The Pope continued his quote: ‘Griffiths reference to the wind cannot but remind us of a passage from John’s Gospel. “The wind blows where it chooses, and you hear the sound of it, but you do not know where it comes from or where it goes. So it is with everyone who is born of the Spirit” (3:8). In this regard, dear seasoned and novice filmmakers, I invite you to make cinema an art of the Spirit.’ And it is this notion of cinema as an art of the Spirit that overflows these documentaries. The power of the wind; the power of the Spirit is strong in these heartfelt and mournful movies.
In the stormy seas of the fishing boat, all feelings stay mostly hidden under the surface.

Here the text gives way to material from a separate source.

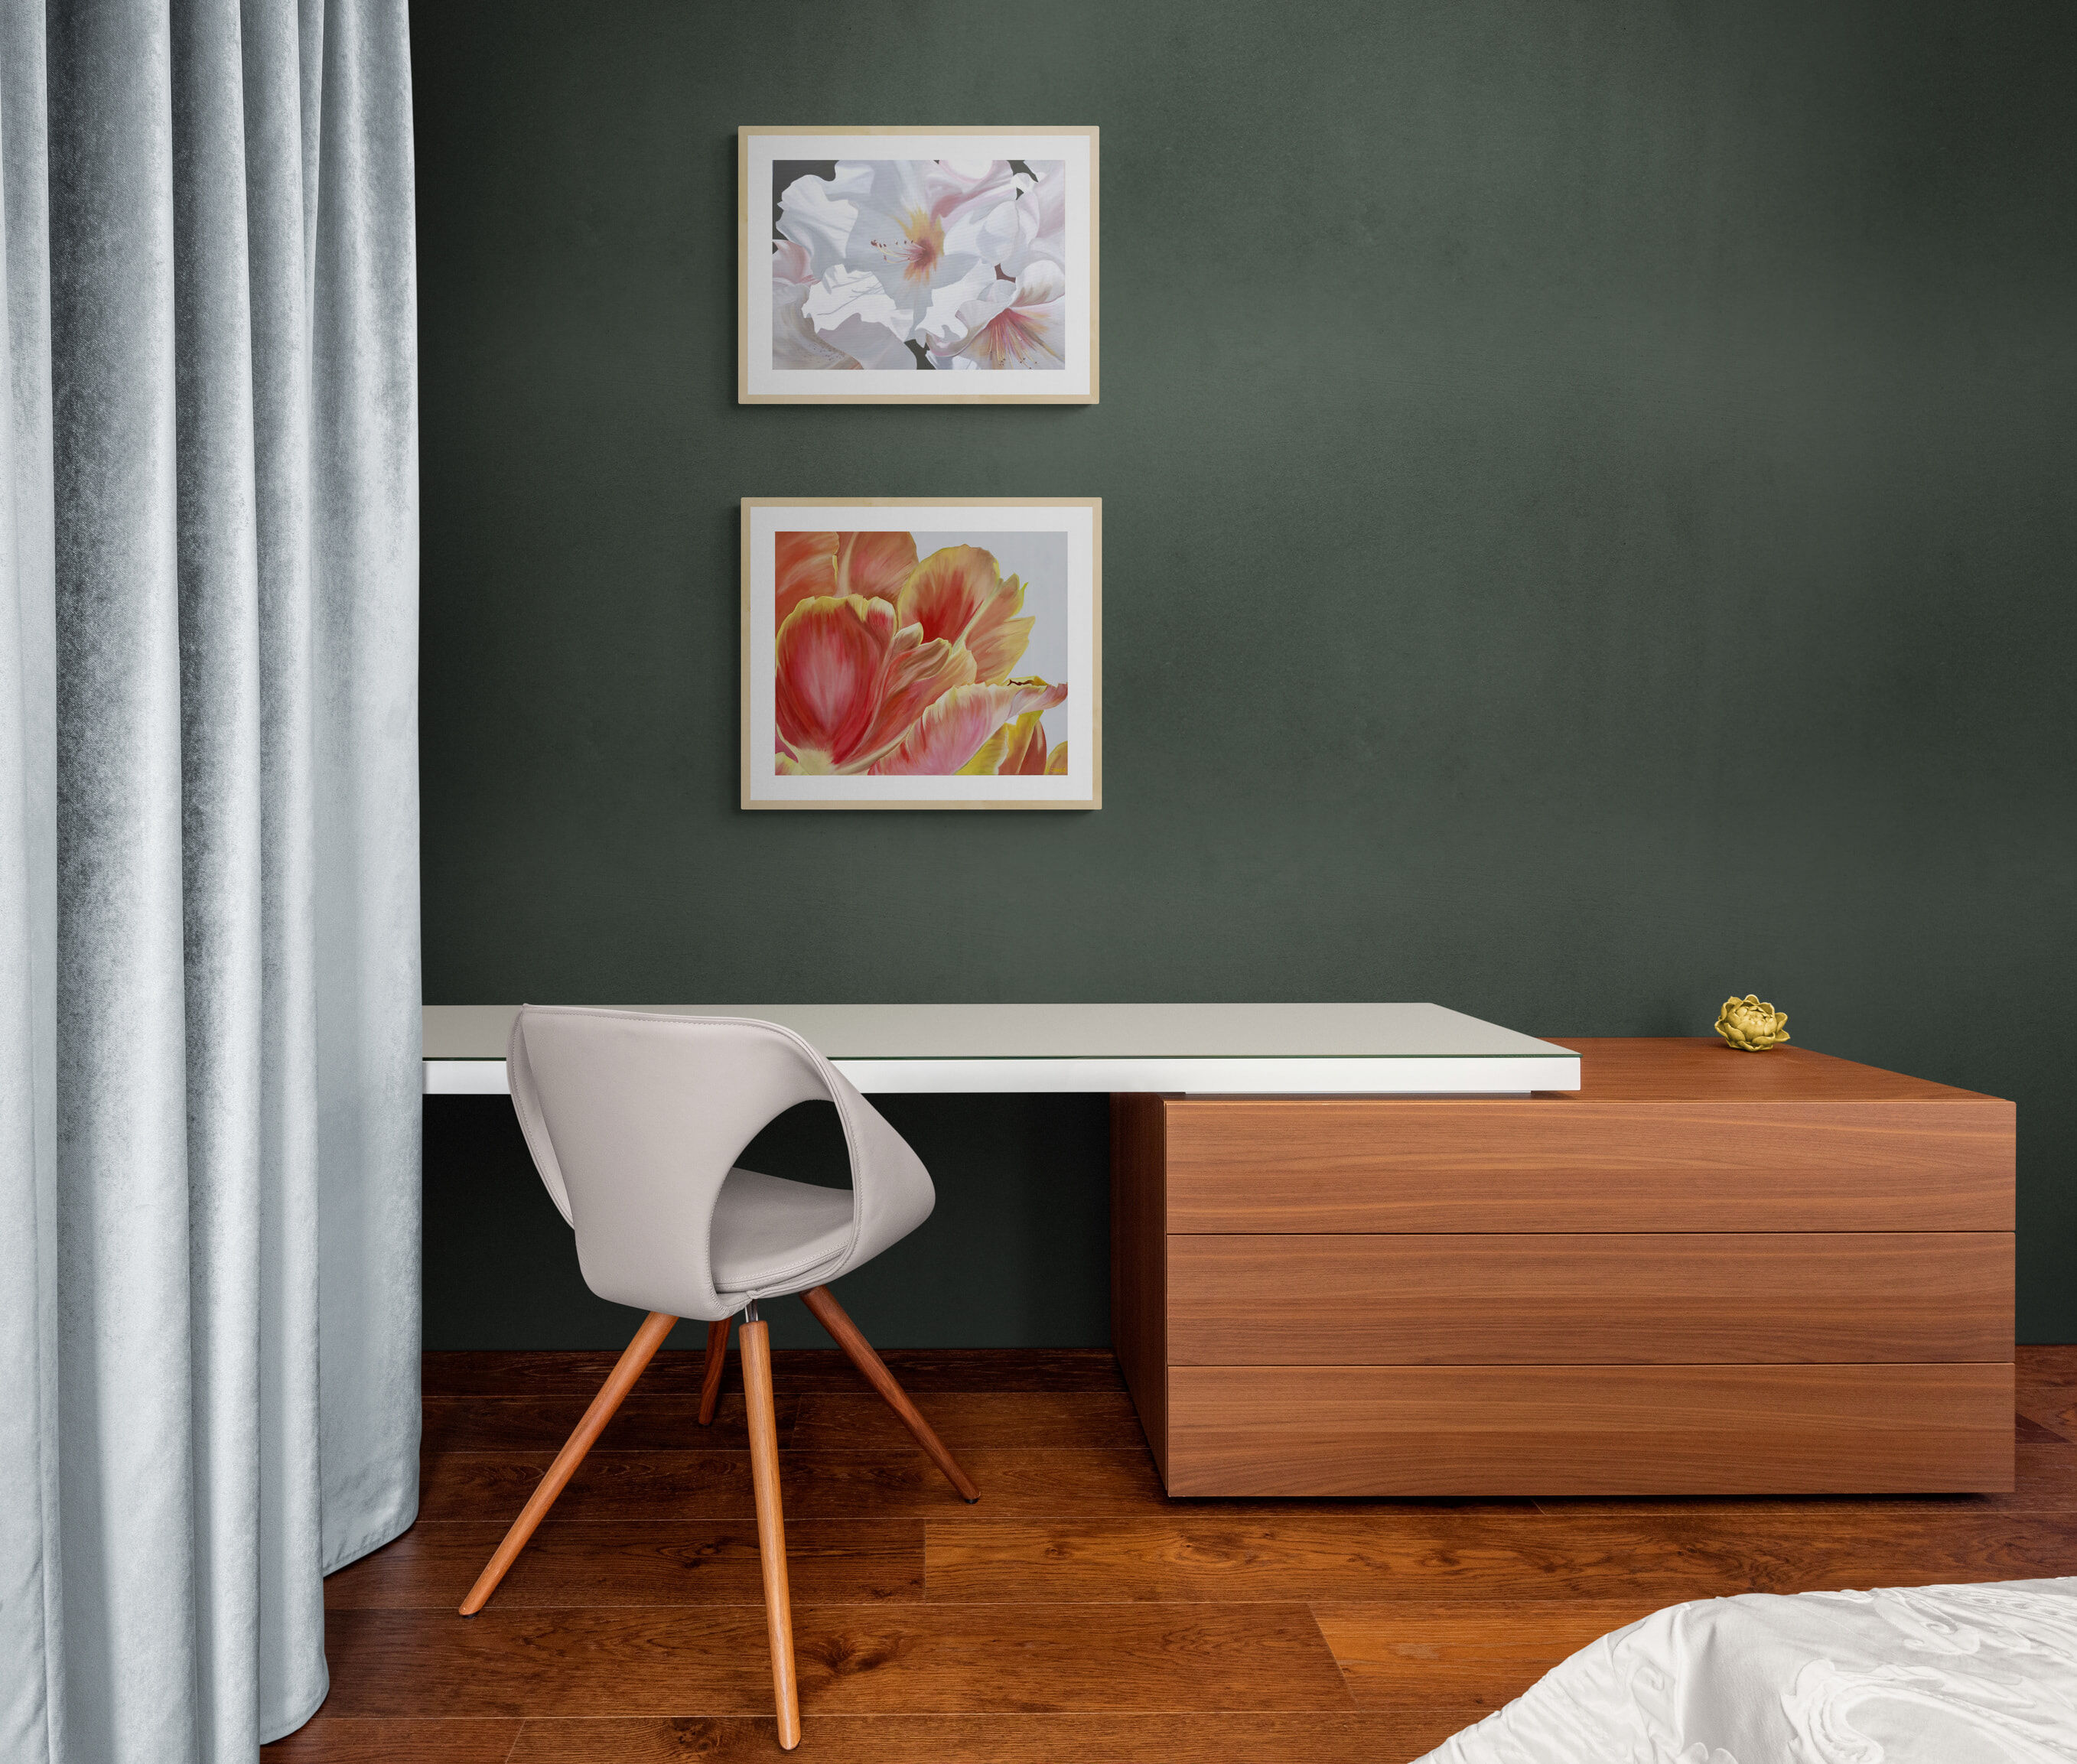 Bedroom_desk_and_cabinet

We feel the longing of the son to connect, to retrieve something from his childhood. He positions his dad in his bed aboard to see how his life was when he was not at home, when he as a child missed his father. Did his father lie in his bed thinking about him? Missing him? But even more telling is the part the young filmmaker kept in the movie: the part where the father feels for one moment not in front of a camera and tells proudly how his son steered the fishing boat alone during the night.

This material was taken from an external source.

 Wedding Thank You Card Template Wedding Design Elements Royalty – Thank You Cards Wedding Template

As the captain knows the sea, you feel how the shepherds almost breathe their environment: the weather, terrain, sheep, dogs and the tremendous nature. The film fills the viewer with awe for man, nature and you can almost feel a great Spirit at work in the cycle of life and changing of the seasons. Man seems so, so small here and his work only a tiny fraction of what is going on in this big, big world. But in their care for these animals, in their working with the sheepdogs and their laughter at the campfire you feel life as it should be: man as part of nature, as part of the workings of this planet.
And the refugees in the slowly crumbling building? They find strength and courage when someone sacrifices their life for them. The spirit of this man flows through them, emboldening them to stand up against injustice. Even if they are just people nobody cared for, blown away by a heavy storm; someone cared enough for them to die for them. Sometimes their spirit seems broken, but they find new ways to go on in their community; in their sharing and caring for each other.

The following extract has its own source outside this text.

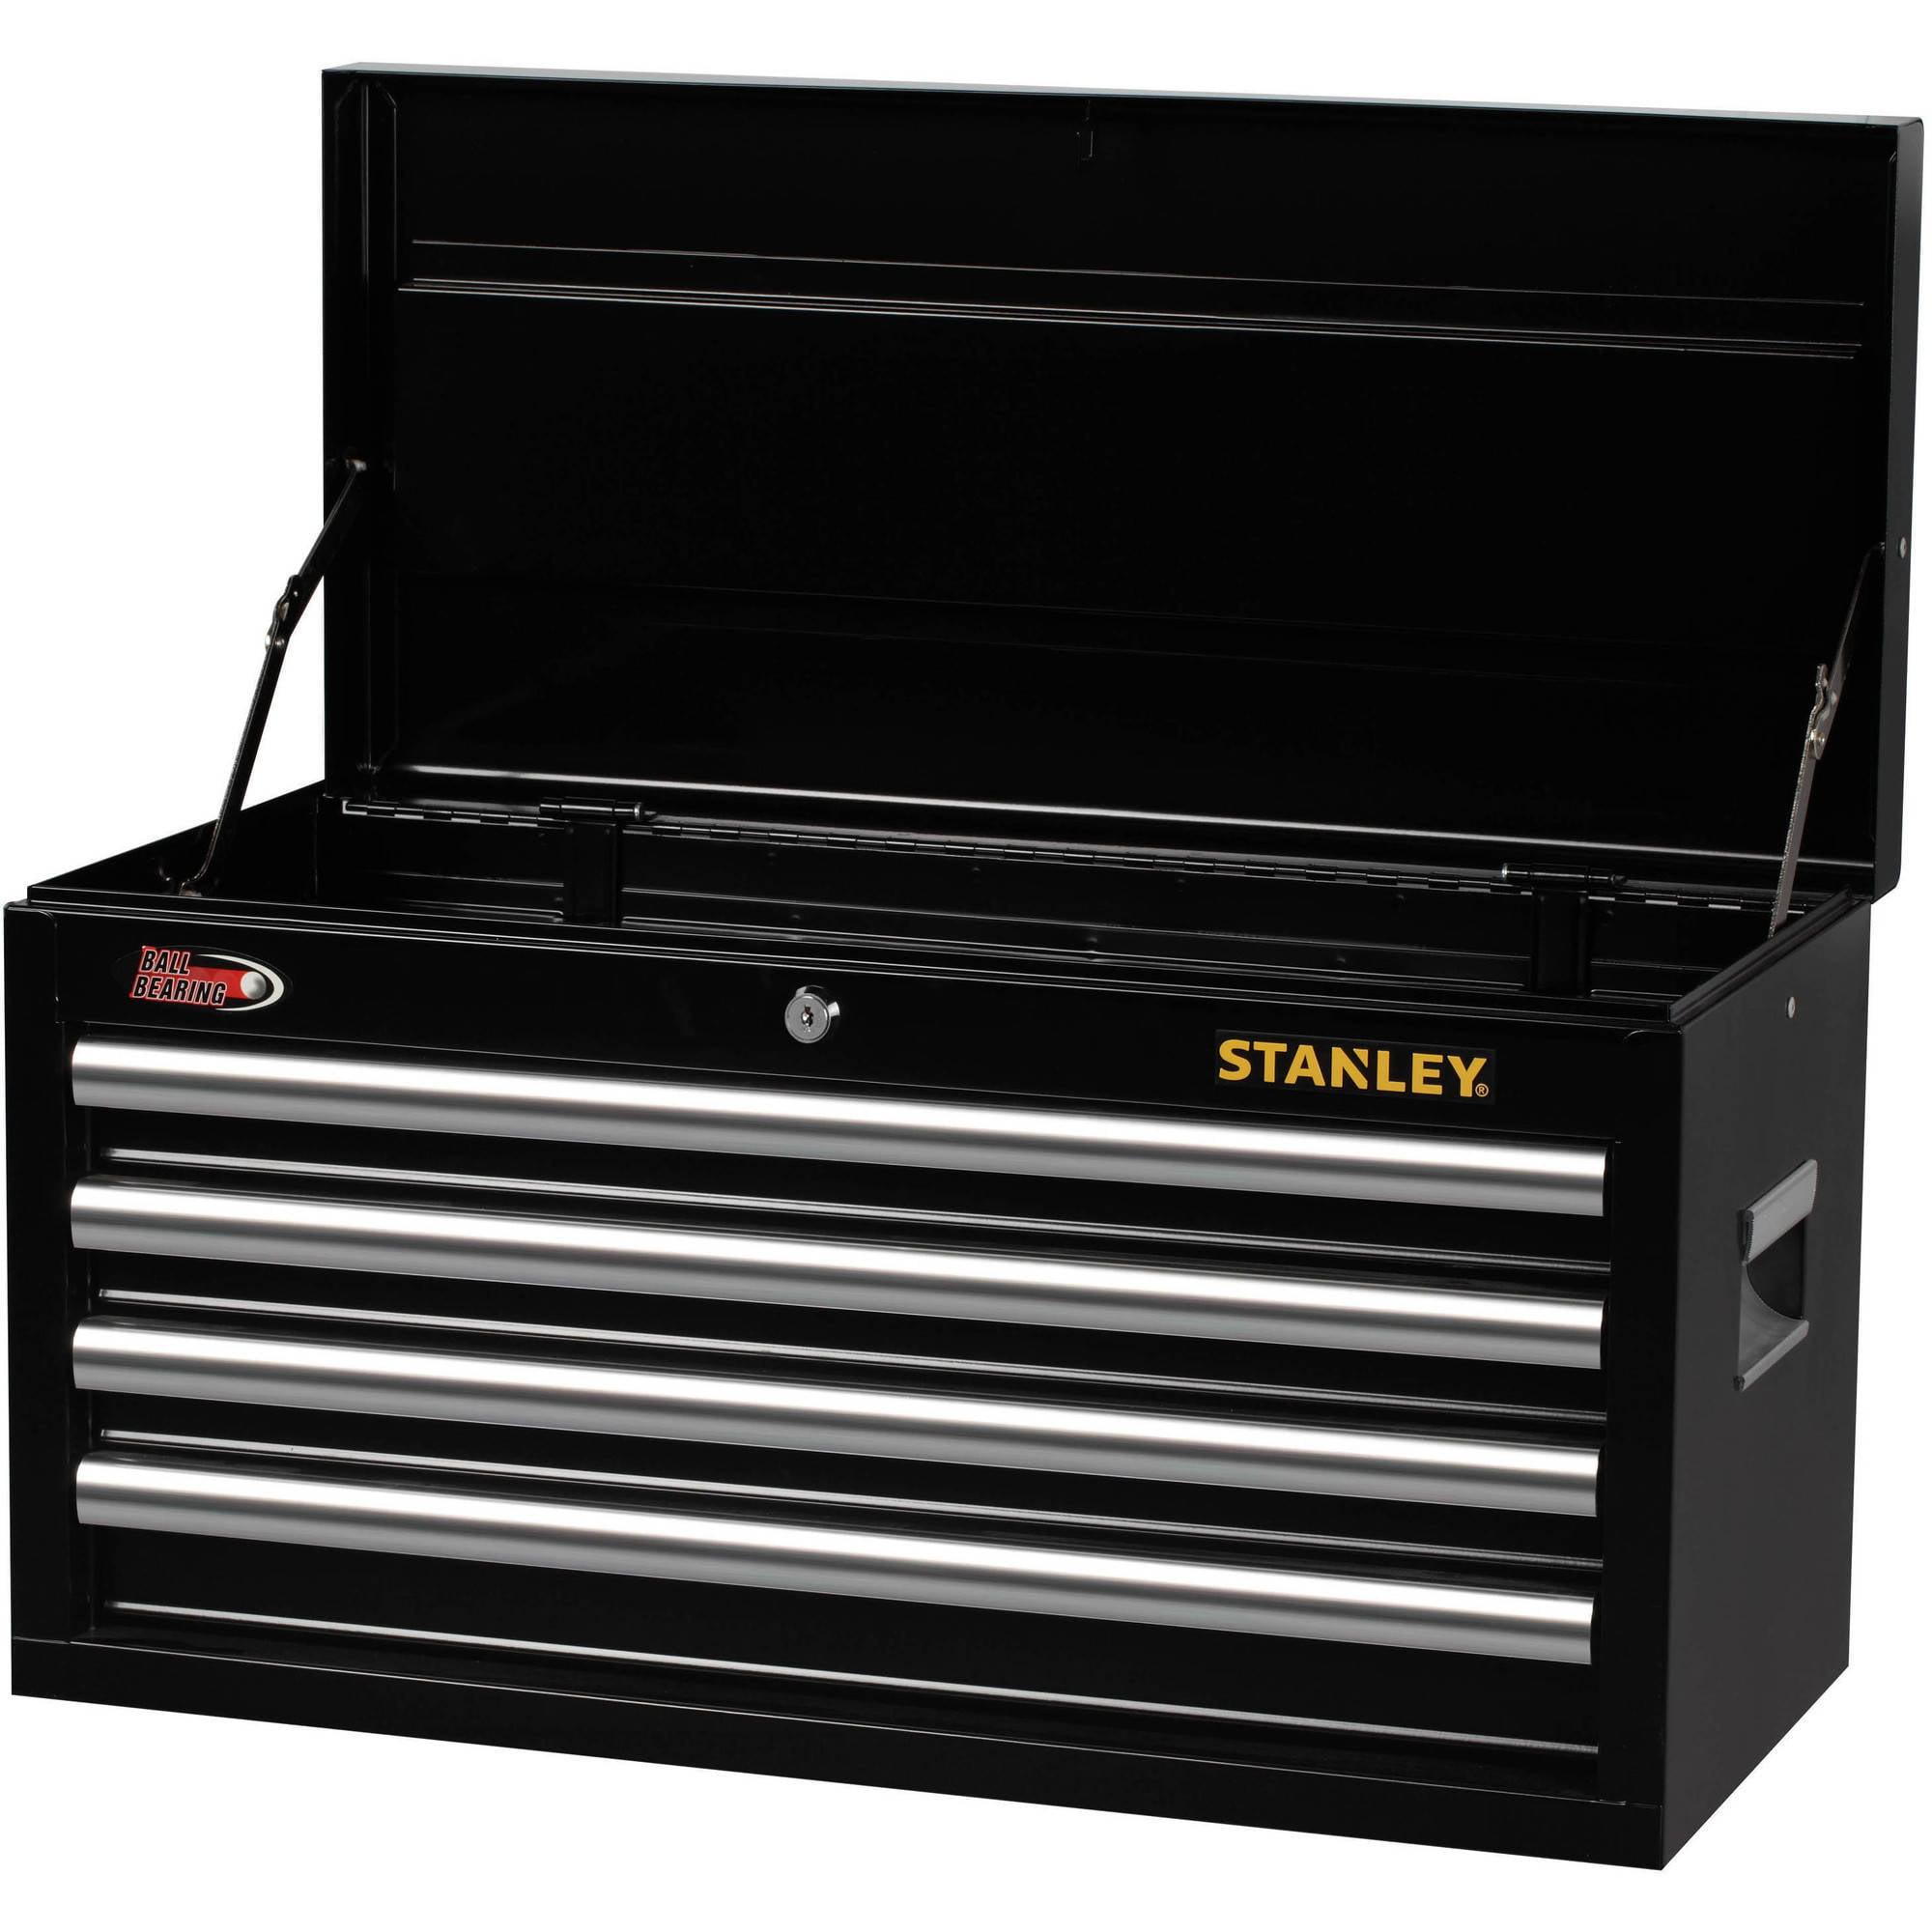 Stanley 4-Drawer Chest, Black

This brokenness and the strength of the human spirit is even more visible in the reliving of the trauma of a rape in The Sessions. The young student struggles, her life is deeply scarred, her sense of self – violently bent. But through the EMDR therapy sessions, we see her find her words to speak of this unspoken, secret misdeed. While her eyes follow the light, she finds hope again to think about a life without the horrendous memories and the haunting feelings of helplessness. She is bent but not yet broken and during the film’s runtime, she rises again, strong enough to withstand the betrayal of the justice system and to continue living. The will to live free from pain is strong and makes her confront her fear.
The refugee son also confronts his fears when he visits his father: fears not only about the violent past but also fears in the present. Will he be able to renew his relationship with his distant and strongly religious father? Will he be able to make him open and talk about his childhood? But deeper than that lies the longing for healing: he wants his father to repent from his brute upbringing and to tell him that he loves him.
This longing for love, for family is stronger than all the fear and hate. And it is the documentaries’ focus on this invisible wind, the Spirit that gives the viewer courage to stand up and choose for those nobody cares for, for those beaten down by trauma, for those looking for justice, for a home, a parent, a loving gesture or simply a silent look. Thanks to this art of the Spirit, we see and feel the wind again.